The required output is all lines below that contain the word "with".

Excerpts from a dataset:
•••

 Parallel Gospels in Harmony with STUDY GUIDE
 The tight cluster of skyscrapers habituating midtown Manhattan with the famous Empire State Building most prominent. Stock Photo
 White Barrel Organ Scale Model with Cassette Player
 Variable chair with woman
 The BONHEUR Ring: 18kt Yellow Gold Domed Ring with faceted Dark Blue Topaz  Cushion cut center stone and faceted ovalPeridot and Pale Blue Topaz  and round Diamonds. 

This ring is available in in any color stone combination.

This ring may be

•••

ANSWER BOX:
 Parallel Gospels in Harmony with STUDY GUIDE
 The tight cluster of skyscrapers habituating midtown Manhattan with the famous Empire State Building most prominent. Stock Photo
 White Barrel Organ Scale Model with Cassette Player
 Variable chair with woman
 The BONHEUR Ring: 18kt Yellow Gold Domed Ring with faceted Dark Blue Topaz  Cushion cut center stone and faceted ovalPeridot and Pale Blue Topaz  and round Diamonds. 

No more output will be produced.